* Data

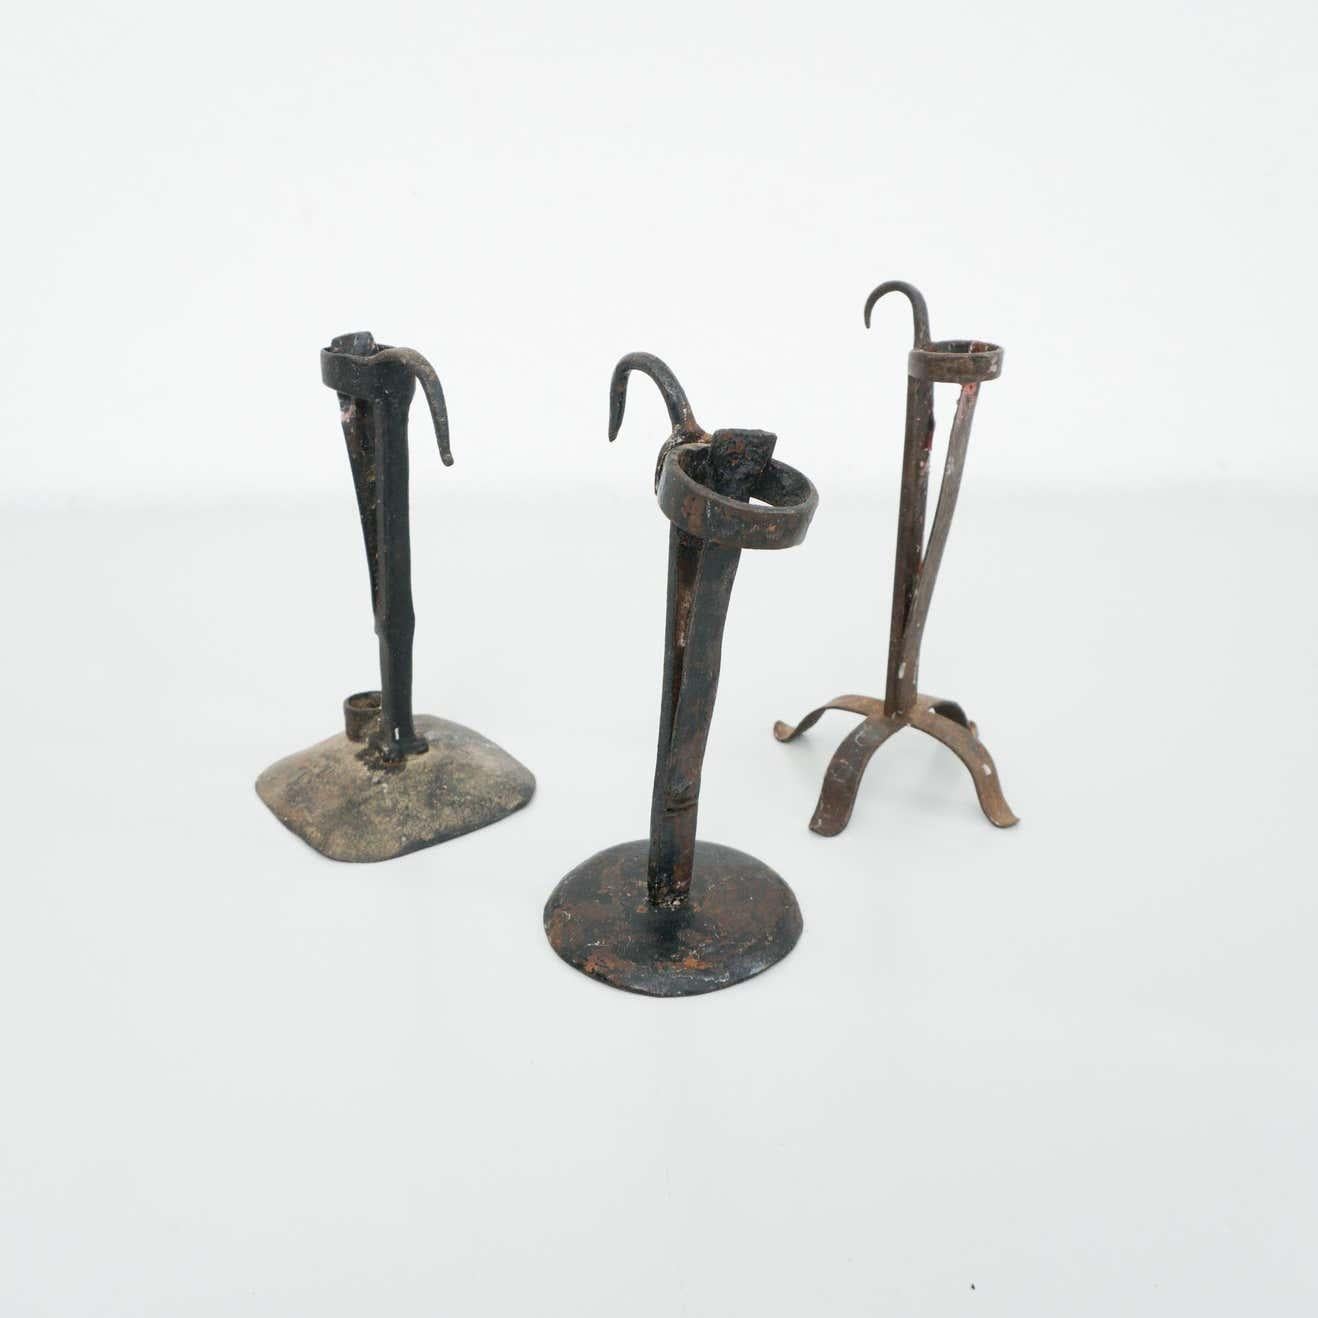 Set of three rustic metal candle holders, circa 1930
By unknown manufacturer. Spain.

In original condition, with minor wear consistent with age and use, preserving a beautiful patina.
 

* Exercise details
The answer consists solely of the lines from the one containing "By unknown manufacturer. Spain." through the last line of the data above, reproduced exactly.

* Answer to this problem
By unknown manufacturer. Spain.

In original condition, with minor wear consistent with age and use, preserving a beautiful patina.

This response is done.